Warning: Graphic Content
Up to now I have struggled a lot on my mental health journey. I started self harming when I was in sixth grade and had to go to therapy. There wasn’t really a reason why I would do it besides the fact that I was really sad for no reason. It still confuses me how I went from a normal child to one in therapy every week and very upset almost constantly. Fast forward to eighth grade, my sadness got much worse. My uncle died unexpectedly and it was a shock for my whole family. I dealt with this severe sadness by turning to boys who made me happy for little amounts of time and then I would move onto the next boy who made me feel good about myself.
When I was fourteen I had my first illegal sip of alcohol to dull the pain and suffering. It wasn’t until my family found me puking uncontrollably eight months later did I stop. It was one of the only things that really worked, and it worked quickly. Spring of my freshman year, my parents noticed me losing interest in the things that I had once loved. This and my irritability as well as seclusion tipped them off that something wasn’t right with me. I was taken to a doctor where I was tested for many mental health problems and eventually was diagnosed with severe depression and severe anxiety. This wasn’t really a surprise to me but it also wasn’t really very welcome in my life. I started medicine and my boyfriend and friends of the time helped me through it.
I started drinking less because of both my boyfriend, who didn’t like me drinking, and because of the medicine and the negative effects it would have if I did. Slowly I started losing friends and my best friend and then my boyfriend broke up with me. I’m not completely sure why this happened but part of me believes that it was because of my drinking and unhealthy habits. The week after my boyfriend and I broke up, he was with another girl which made my depression skyrocket. The pain of losing my friends, losing my boyfriend, my medicine not working right, on top of the stress of family and school issues caused me to have suicidal thoughts.
The day I found out that my ex-boyfriend was with another girl, it tipped the boat. I was found by a teacher at my school in the theater trying to commit suicide and was then taken to the school counselor. From there I was taken to my therapist, emergency room, and then mental hospital. My overall experience at Springwood Behavioral Hospital was generally a really good one. I learned a lot, met new people who were really accepting, and learned to appreciate what I had more. When I got back from the hospital, everyone was very distant. Understandably, I had scared them, including my best friend. The growing distance between us scared me and made me really sad. A couple months later we were barely even friends anymore and it made me very upset.

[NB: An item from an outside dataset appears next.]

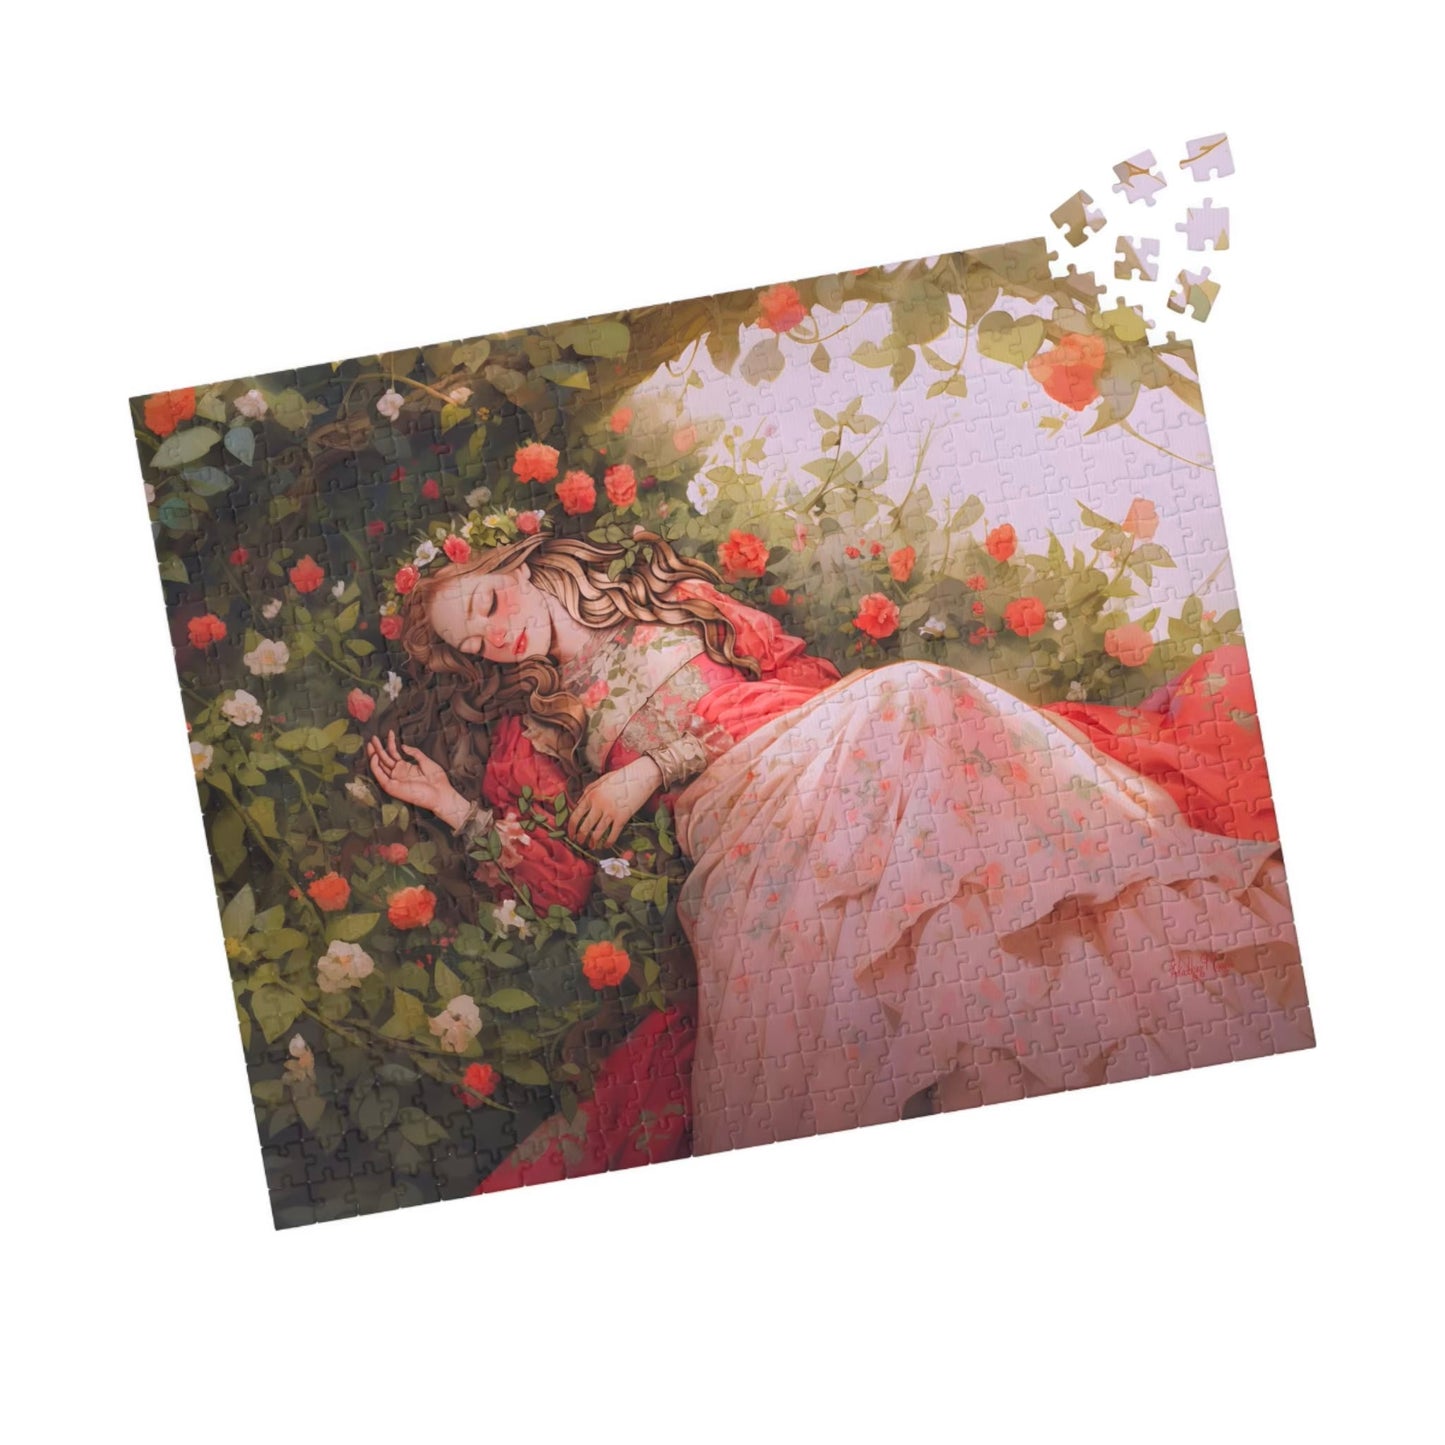 Sleeping Beauty’s Enchanted Slumber | Jigsaw Puzzle
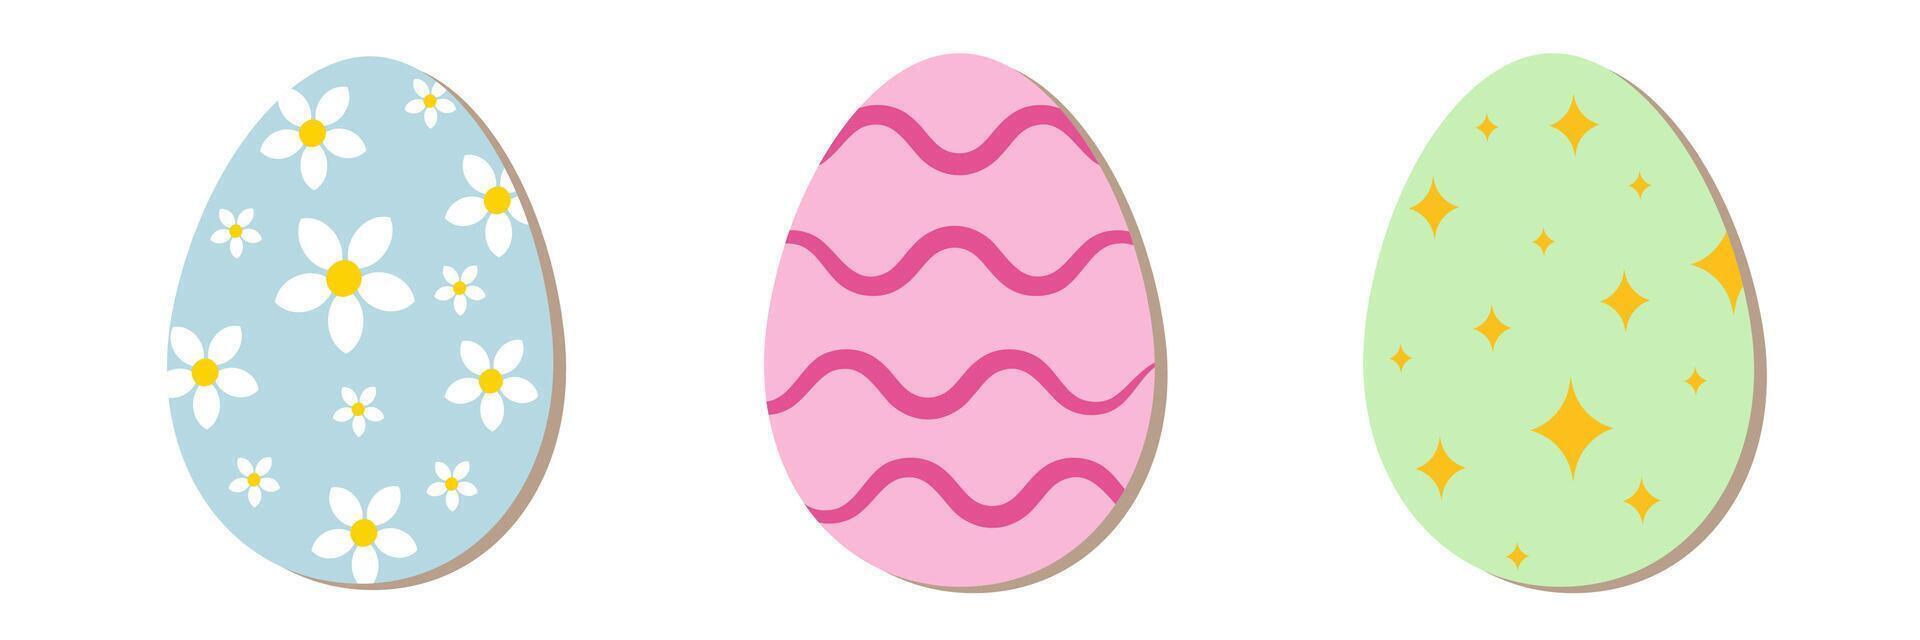 vistoso aislado Pascua de Resurrección huevos, vector colocar. sencillo plano Pascua de Resurrección huevos.

The stress of finals, my best friend not wanting to be around me anymore, and my mentor passing away once again got to be too much for me. This was my second suicide attempt. My mom took me to the hospital immediately where I was given an IV and sent to another mental hospital called Sundance. My experience here unlike the first, wasn’t as enjoyable. I was very pressed to try and get out because it was Christmas the next week and it was the week of finals. In three days, my parents pulled me out, with the doctors consent, and we left for vacation the next day.
My journey from then to now has been really hard to get back up on my feet but with the help of God, my family, my new friends, my therapists/doctors, and my bible study group, I have been able to move on from my past and learn from my mistakes. Everyday I become stronger and learn what it means to be alive.